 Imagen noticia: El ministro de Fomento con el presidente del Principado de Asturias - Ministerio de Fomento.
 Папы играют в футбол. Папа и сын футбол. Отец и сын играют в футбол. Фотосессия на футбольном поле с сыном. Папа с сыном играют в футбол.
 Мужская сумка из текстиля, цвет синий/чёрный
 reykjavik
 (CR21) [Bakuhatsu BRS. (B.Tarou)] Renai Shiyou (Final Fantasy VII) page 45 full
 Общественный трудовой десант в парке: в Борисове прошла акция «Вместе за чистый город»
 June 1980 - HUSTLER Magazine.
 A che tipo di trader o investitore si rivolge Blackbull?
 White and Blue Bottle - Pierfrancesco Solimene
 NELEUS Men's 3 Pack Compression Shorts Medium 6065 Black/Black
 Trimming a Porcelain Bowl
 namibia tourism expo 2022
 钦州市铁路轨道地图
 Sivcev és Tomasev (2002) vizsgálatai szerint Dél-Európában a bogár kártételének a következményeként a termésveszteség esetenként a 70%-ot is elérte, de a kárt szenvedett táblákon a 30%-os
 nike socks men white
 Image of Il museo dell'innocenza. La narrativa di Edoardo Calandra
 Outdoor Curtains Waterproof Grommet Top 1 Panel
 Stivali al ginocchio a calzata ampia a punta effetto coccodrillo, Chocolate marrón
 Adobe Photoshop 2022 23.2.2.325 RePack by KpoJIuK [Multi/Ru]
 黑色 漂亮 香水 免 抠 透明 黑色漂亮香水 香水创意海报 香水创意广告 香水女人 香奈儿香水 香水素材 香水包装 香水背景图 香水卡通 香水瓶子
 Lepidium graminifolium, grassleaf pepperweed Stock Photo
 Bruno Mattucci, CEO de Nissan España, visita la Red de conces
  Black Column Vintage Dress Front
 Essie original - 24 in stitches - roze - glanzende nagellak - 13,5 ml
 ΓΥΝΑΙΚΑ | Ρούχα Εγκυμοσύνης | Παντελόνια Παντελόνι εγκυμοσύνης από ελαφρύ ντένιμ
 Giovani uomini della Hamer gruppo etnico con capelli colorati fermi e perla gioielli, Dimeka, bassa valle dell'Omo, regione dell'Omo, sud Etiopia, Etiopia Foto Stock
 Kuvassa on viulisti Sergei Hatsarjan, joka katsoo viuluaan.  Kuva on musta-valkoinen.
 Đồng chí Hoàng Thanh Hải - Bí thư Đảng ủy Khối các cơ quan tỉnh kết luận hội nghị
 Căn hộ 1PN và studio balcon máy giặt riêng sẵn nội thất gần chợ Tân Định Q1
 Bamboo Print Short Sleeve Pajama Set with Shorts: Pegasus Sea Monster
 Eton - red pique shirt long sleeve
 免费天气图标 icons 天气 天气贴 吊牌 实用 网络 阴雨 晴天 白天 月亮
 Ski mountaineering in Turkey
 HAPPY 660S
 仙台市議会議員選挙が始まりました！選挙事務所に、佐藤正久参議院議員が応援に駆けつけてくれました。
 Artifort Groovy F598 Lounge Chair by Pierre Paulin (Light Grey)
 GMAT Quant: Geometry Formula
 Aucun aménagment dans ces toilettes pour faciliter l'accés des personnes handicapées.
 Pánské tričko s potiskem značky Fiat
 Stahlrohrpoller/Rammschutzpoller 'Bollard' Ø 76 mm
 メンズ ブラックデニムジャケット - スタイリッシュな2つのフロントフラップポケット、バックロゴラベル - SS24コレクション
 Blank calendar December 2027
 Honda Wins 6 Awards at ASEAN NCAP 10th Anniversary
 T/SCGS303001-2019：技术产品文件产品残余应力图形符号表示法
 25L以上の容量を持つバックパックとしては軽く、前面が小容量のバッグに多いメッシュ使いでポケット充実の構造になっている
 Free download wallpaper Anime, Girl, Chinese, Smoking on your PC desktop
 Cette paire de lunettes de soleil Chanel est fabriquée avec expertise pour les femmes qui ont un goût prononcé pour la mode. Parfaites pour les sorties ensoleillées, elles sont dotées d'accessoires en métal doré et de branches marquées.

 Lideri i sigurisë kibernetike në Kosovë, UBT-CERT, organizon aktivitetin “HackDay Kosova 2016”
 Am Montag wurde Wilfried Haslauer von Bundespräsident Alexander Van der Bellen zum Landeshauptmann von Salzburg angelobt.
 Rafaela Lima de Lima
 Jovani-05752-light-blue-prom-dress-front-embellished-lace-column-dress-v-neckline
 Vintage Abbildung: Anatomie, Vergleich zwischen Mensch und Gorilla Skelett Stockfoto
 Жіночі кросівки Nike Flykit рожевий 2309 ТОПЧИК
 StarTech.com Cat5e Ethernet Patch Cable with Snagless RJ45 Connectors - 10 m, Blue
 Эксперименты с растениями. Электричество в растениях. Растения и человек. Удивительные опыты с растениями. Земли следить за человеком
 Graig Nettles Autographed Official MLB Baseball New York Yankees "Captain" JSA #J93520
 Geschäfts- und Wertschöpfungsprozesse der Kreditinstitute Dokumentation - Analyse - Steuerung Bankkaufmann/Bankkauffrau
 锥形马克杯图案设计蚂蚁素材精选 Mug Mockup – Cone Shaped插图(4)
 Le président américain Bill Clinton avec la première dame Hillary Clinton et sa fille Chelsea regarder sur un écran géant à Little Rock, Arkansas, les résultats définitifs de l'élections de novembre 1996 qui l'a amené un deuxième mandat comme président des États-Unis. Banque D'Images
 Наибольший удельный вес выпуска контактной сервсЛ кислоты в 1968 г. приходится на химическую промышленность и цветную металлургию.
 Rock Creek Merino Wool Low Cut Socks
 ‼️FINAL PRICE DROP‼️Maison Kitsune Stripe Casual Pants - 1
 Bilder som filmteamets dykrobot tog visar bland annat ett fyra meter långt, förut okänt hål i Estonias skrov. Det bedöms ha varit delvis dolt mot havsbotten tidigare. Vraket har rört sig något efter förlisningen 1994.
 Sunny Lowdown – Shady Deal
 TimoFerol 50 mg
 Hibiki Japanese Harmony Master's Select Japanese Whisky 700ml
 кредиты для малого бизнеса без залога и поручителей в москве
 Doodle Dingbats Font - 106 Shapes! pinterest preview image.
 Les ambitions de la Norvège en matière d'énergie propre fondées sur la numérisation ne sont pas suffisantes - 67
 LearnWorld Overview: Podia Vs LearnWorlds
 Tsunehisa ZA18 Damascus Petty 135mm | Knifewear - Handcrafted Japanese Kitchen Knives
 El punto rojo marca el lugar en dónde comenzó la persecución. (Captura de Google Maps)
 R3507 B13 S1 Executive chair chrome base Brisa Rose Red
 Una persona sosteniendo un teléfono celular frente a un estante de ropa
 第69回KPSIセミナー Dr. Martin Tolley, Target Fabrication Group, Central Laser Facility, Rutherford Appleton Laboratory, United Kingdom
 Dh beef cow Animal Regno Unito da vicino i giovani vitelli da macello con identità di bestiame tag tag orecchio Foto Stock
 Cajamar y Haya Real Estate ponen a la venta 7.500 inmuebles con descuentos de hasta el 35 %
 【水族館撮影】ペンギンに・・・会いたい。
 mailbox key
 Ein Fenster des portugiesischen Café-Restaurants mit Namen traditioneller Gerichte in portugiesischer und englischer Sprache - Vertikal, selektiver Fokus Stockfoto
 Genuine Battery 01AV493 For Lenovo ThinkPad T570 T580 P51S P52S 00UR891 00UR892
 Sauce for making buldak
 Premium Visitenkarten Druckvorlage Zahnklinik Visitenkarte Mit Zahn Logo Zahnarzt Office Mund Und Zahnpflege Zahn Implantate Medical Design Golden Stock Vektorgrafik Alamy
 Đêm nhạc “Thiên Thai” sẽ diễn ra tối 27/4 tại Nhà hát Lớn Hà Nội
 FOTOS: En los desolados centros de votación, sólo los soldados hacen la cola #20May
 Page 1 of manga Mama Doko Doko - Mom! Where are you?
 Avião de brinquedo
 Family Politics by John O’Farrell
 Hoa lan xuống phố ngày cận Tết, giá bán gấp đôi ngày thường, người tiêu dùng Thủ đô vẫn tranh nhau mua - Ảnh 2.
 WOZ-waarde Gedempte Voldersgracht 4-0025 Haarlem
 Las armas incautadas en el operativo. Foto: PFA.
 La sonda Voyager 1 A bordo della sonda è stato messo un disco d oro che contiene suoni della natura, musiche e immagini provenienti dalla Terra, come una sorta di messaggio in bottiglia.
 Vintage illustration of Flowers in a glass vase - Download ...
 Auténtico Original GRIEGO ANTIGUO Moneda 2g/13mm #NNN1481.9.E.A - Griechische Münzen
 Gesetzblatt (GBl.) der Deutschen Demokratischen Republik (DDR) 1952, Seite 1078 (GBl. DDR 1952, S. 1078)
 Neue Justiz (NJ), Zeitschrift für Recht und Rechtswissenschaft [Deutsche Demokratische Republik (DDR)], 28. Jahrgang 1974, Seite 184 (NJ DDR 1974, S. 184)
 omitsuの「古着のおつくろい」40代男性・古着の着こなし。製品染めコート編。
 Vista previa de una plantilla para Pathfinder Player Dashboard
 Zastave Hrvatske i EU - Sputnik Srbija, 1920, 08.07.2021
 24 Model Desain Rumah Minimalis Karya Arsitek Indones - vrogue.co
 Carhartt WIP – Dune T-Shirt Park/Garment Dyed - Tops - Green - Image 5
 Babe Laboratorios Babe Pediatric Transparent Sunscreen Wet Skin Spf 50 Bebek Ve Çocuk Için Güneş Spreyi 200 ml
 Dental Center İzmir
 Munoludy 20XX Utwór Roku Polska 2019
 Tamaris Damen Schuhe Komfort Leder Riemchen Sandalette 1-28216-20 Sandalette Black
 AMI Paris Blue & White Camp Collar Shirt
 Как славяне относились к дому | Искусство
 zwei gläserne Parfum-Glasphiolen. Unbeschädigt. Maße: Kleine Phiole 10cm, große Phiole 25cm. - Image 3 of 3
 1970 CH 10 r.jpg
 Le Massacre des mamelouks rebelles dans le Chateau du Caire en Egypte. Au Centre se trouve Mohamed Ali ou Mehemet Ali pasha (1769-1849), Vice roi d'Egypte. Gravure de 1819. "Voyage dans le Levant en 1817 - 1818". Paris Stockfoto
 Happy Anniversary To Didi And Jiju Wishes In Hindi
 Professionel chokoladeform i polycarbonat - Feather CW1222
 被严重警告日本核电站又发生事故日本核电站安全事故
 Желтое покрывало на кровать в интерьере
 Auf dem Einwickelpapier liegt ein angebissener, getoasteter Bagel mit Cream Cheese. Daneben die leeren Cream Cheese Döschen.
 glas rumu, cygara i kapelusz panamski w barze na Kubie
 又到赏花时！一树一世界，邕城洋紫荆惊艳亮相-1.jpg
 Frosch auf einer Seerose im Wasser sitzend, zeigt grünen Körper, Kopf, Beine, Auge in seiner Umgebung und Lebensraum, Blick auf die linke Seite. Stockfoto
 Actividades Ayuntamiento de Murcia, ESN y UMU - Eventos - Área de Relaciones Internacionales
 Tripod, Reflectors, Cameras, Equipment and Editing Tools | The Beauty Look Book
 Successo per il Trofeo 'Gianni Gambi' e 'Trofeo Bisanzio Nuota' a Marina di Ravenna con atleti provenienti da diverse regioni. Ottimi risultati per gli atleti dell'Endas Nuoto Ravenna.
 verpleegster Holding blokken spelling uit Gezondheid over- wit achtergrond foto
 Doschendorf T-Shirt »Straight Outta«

• **Task description**: Lines holding "Republik" are the ones to copy; find all of them in the listing.

• **Exercise answer**:
 Gesetzblatt (GBl.) der Deutschen Demokratischen Republik (DDR) 1952, Seite 1078 (GBl. DDR 1952, S. 1078)
 Neue Justiz (NJ), Zeitschrift für Recht und Rechtswissenschaft [Deutsche Demokratische Republik (DDR)], 28. Jahrgang 1974, Seite 184 (NJ DDR 1974, S. 184)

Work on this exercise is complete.